Si rien n’est fait pour empêcher l’algorithme de structurer l’espace public, le pire est à venir. Dans l’IA contre le peuple (Le Bord de l’Eau), Mathieu Chéret, diplômé du CELSA, chef de mission communication et action territoriale dans le domaine de l’énergie, imagine ce « pire ». Il décrit le basculement dans la post-vérité et dans la post-démocratie. Il propose également une série de pistes et de lignes de défense susceptibles de refaire de la démocratie un projet et de sauver les fondements de notre société.
Laurent Ottavi (Élucid) : Au début de votre livre, vous écrivez que l’intelligence artificielle est désormais « au cœur du pouvoir ». Qu’entendez-vous par-là ? Cela a-t-il un rapport avec le concept d’« hypnocratie » que vous évoquez plus loin ?
Mathieu Chéret : Aujourd’hui, le centre de gravité du pouvoir ne se situe plus uniquement dans les institutions connues – gouvernement, parlement, médias – mais dans les infrastructures algorithmiques opaques qui structurent pourtant notre perception du réel. Depuis plus d’une dizaine d’années, l’IA organise les flux d’information, hiérarchise les sujets, amplifie certaines émotions et en invisibilise d’autres. Elle ne décide pas officiellement des lois, mais elle façonne l’environnement mental dans lequel les citoyens réfléchissent et les élus prennent leurs décisions. Or, lorsqu’on façonne le « décor mental », on influence profondément le jeu politique. C’est cette mutation du pouvoir, moins visible et plus diffuse, que désigne l’« hypnocratie ».

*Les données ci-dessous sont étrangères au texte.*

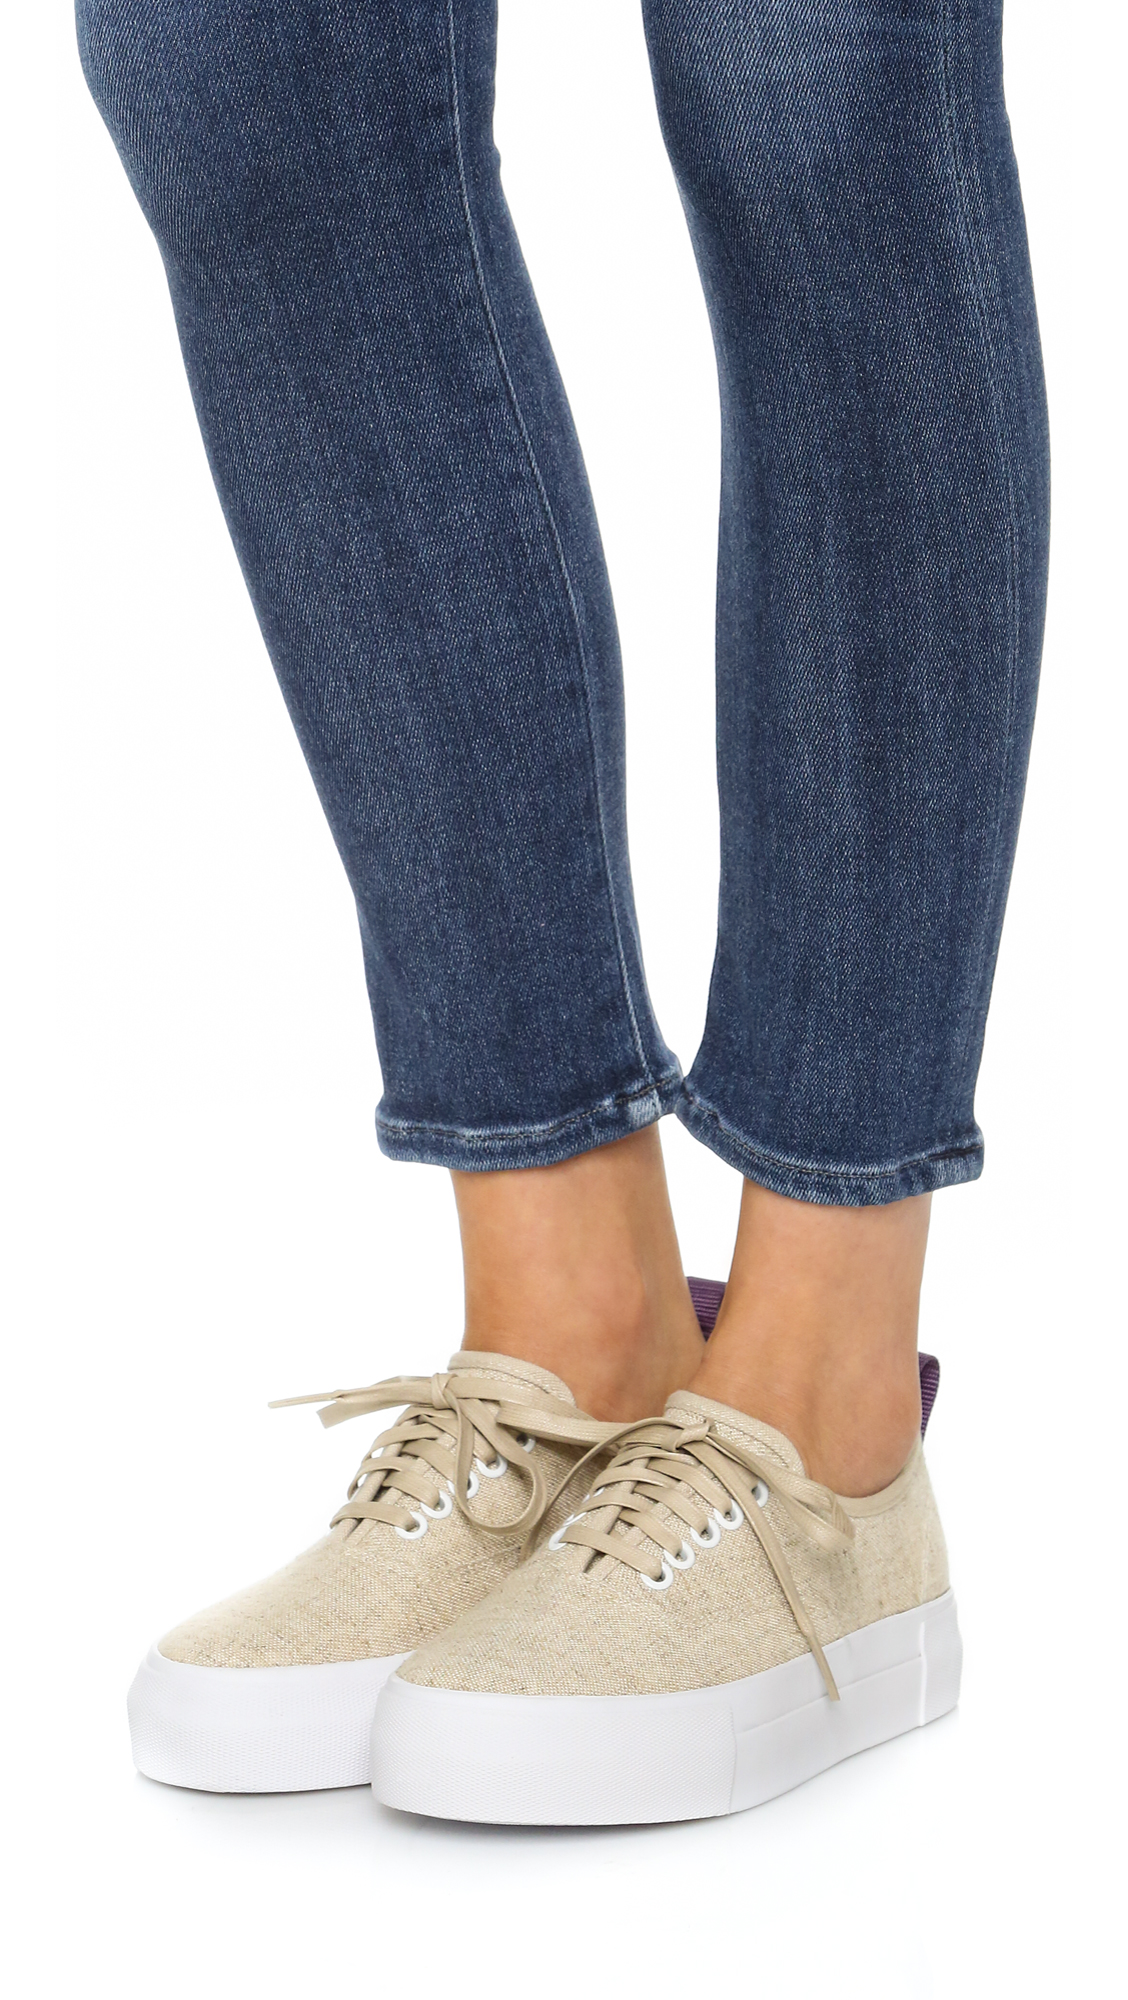 Les Chaussures De Sport De Mère 'eytys - Bleu o3BG4AFe2R

Ce terme a été popularisé en 2025 pour désigner une forme de pouvoir qui ne domine pas par la contrainte, mais par la captation de l’attention et la manipulation du réel. Le concept a été attribué à un auteur fictif (Jianwei Xun), en réalité élaboré comme une construction intellectuelle combinant travail humain et intelligence artificielle, ce qui en dit long sur l’époque que nous vivons.
Dans une hypnocratie, le pouvoir ne s’impose pas par la répression ou la censure, mais par la saturation et la captation de l’attention. Il ne réduit pas la pluralité des voix : il la submerge sous un excès de récits concurrents qui se neutralisent mutuellement. Autrement dit, on ne vous interdit pas de parler ; on rend votre parole inaudible. Les régimes autoritaires du XXe siècle avaient déjà compris que contrôler les représentations revenait à exercer un pouvoir sans précédent sur la société.